We use $H( b , s )$ to denote the Hessian of $L(r)$ , with respect to $r$, as a function of the prior parameters $b = \{ b_{i,j} \}$ and $s = \{ s_{i,j} \}$ ; i.e.,

\[H_{i,j}^{k,\ell} (a, b) = \frac{ \partial^2 L }{ \partial r_{k,\ell} \partial r_{i,j} }\]

Problem¶

Given an information matrix $I$ , determine the parameter matrices $b$ and $s$ that minimize

\[\sum_{i,j} \sum_{k,\ell} \left( H_{i,j}^{k,\ell} (b, s) - I_{i,j}^{k,\ell} \right)^2\]

subject to a lower bound of zero and a positive upper bound on the elements of $b$ and $s$ .

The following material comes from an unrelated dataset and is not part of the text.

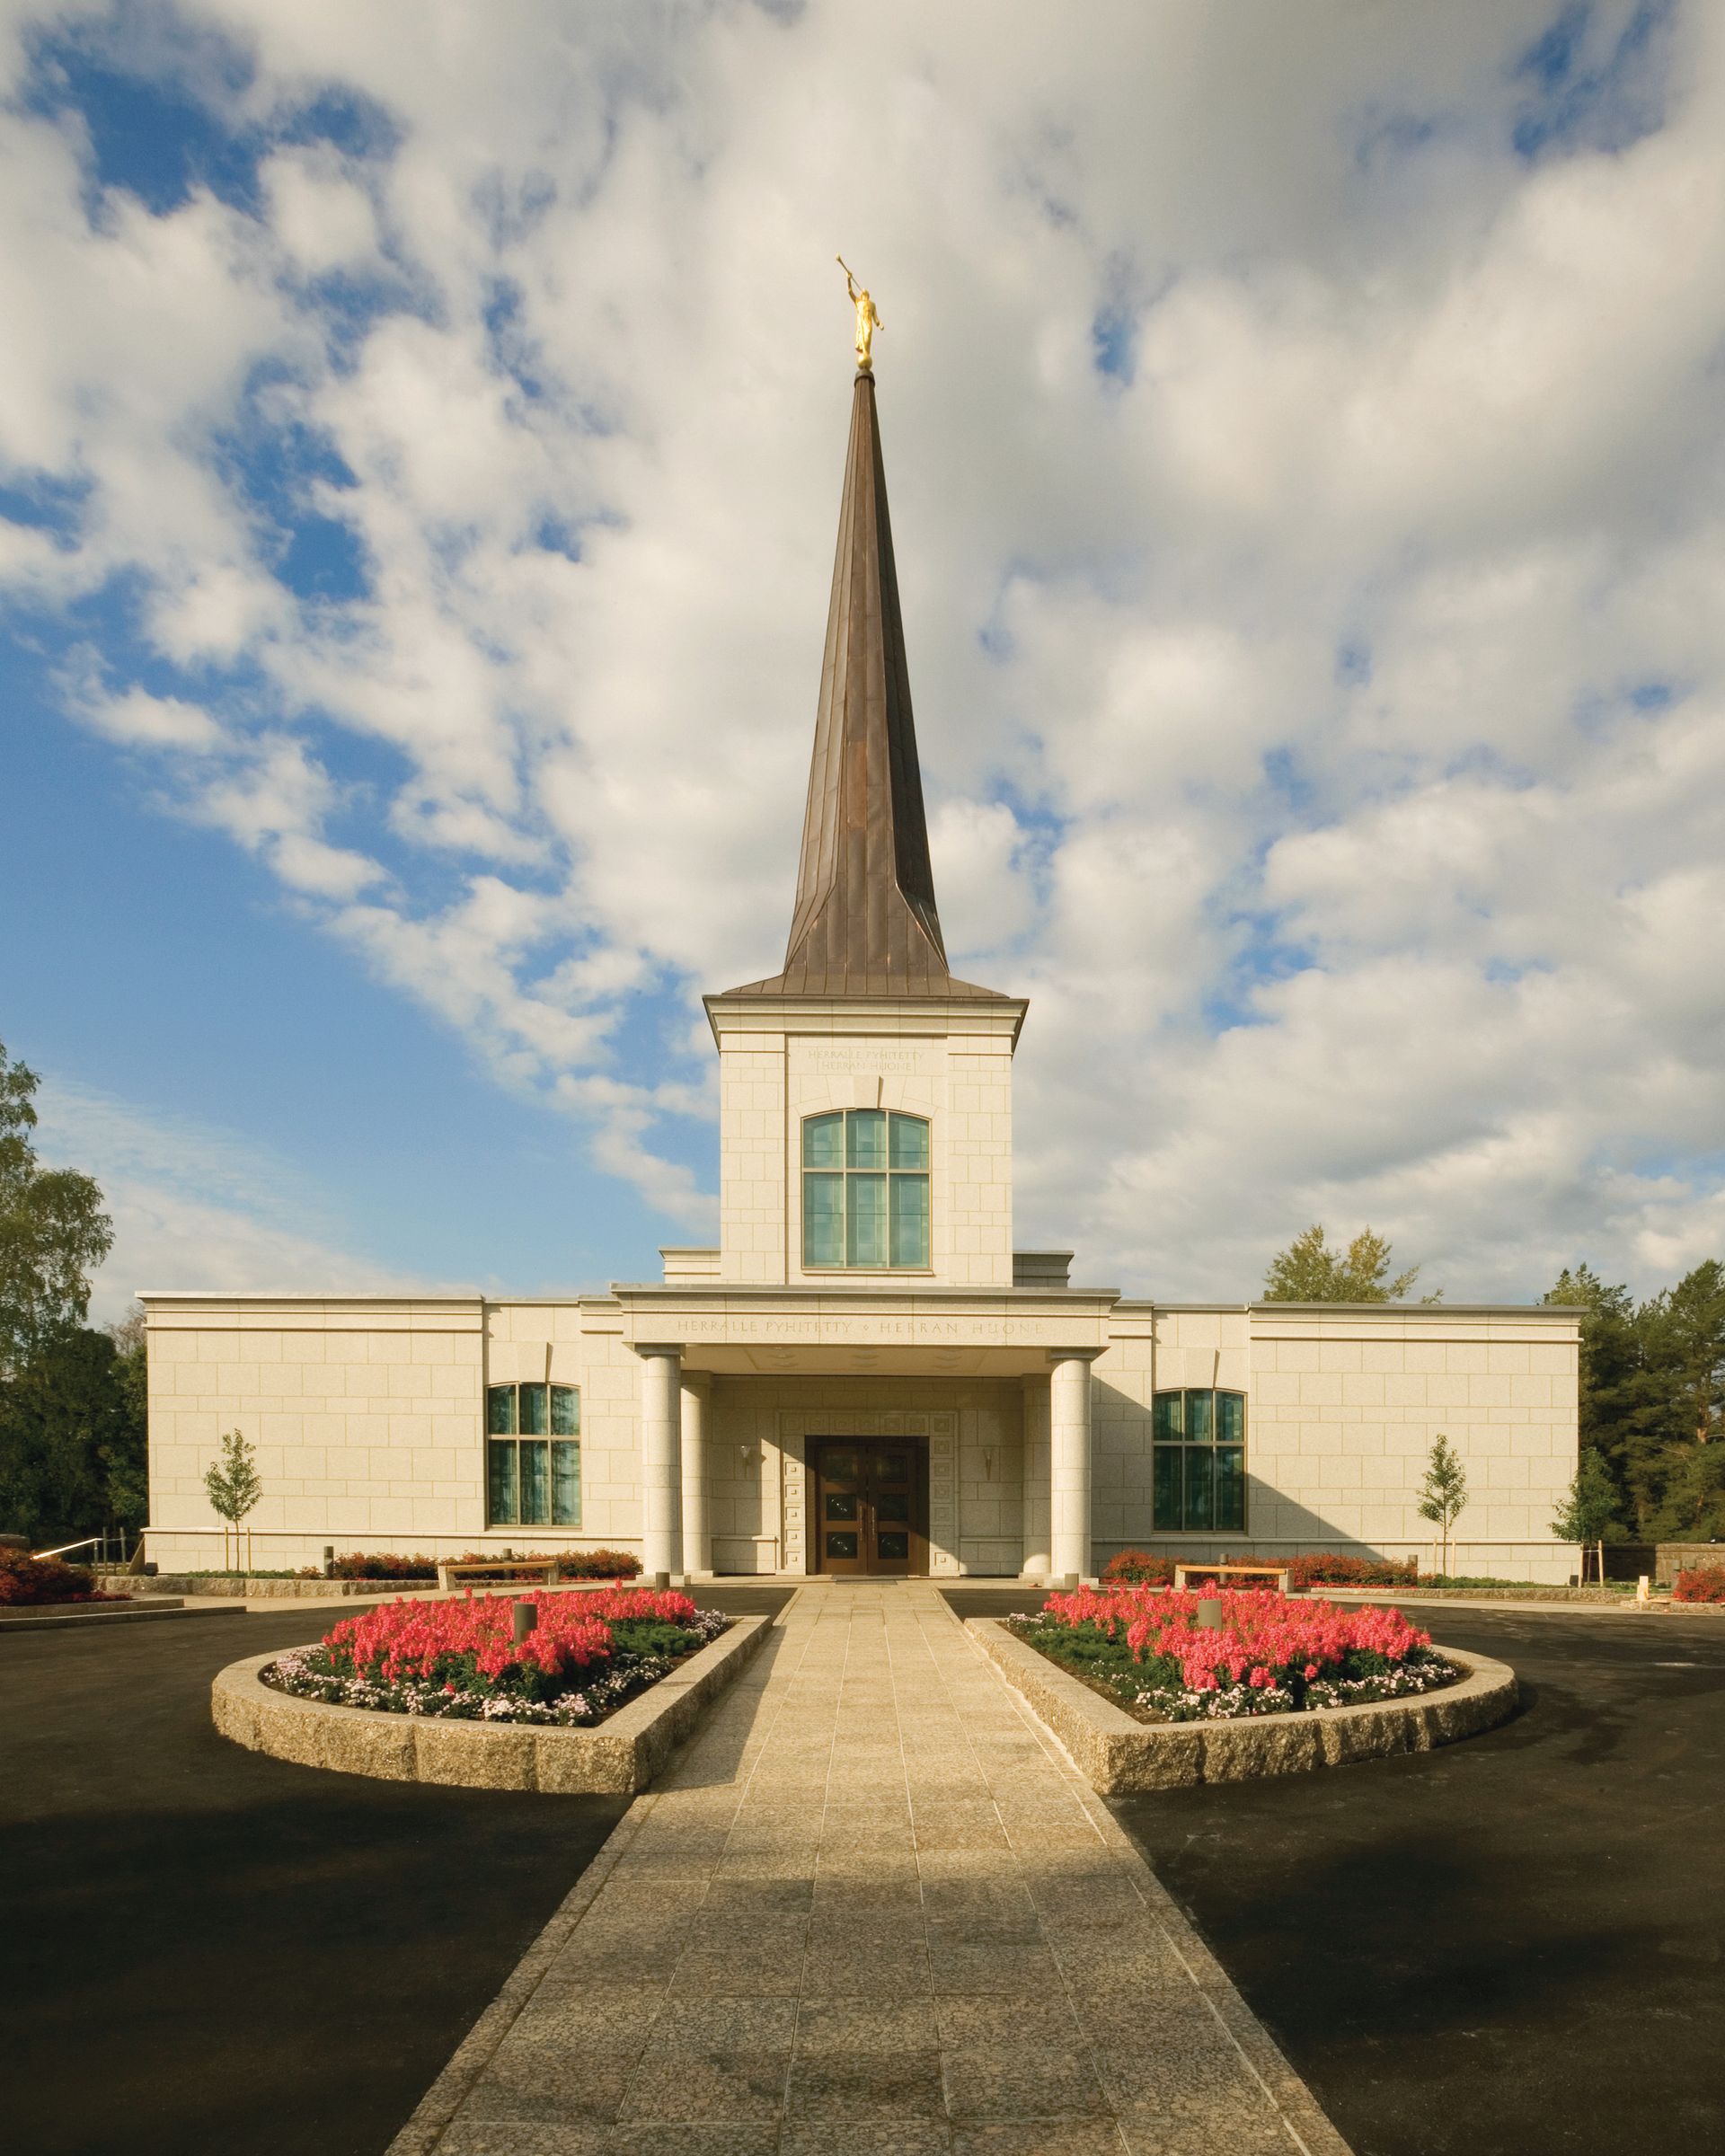 The front entrance to the Helsinki Finland Temple.

This is a linear least square problem subject to lower and upper bounds on the variables being optimized. It could be solved using scipy.optimize.lsq_linear .
The objective above is the Frobenius norm squared of the difference between the approximation and the desired information matrix.
The indices where $| k - i| > 1$ or $| \ell - j | > 1$ do not need to be included in the summation.
If an element of $b$ or $s$ is zero at the solution, the corresponding term is not included in the prior (because its variance is infinite).
The positive upper bound corresponds to a lower limit on the variances in the prior.

Notation	Meaning
\(r_{i,j}\)	value of the rate at the i-th age and j-th time
\(N\)	number of age points in the rate grid minus 1
\(M\)	number of time points in the rate grid minus 1
\(\bar{v}_{i,j}\)	mean for the rate value at (i,j)
\(\bar{a}_{i,j}\)	mean for age forward differences at (i,j)
\(\bar{t}_{i,j}\)	mean for time forward differences at (i,j)
\(v_{i,j}\)	variance for the rate value at (i,j)
\(a_{i,j}\)	variance for age forward differences at (i,j)
\(t_{i,j}\)	variance for time forward differences at (i,j)
\(L(r)\)	the negative log-likelihood for prior
\(V(r)\)	value contribution to \(L(z)\)
\(A(r)\)	age contribution to \(L(z)\)
\(T(r)\)	time contribution to \(L(z)\)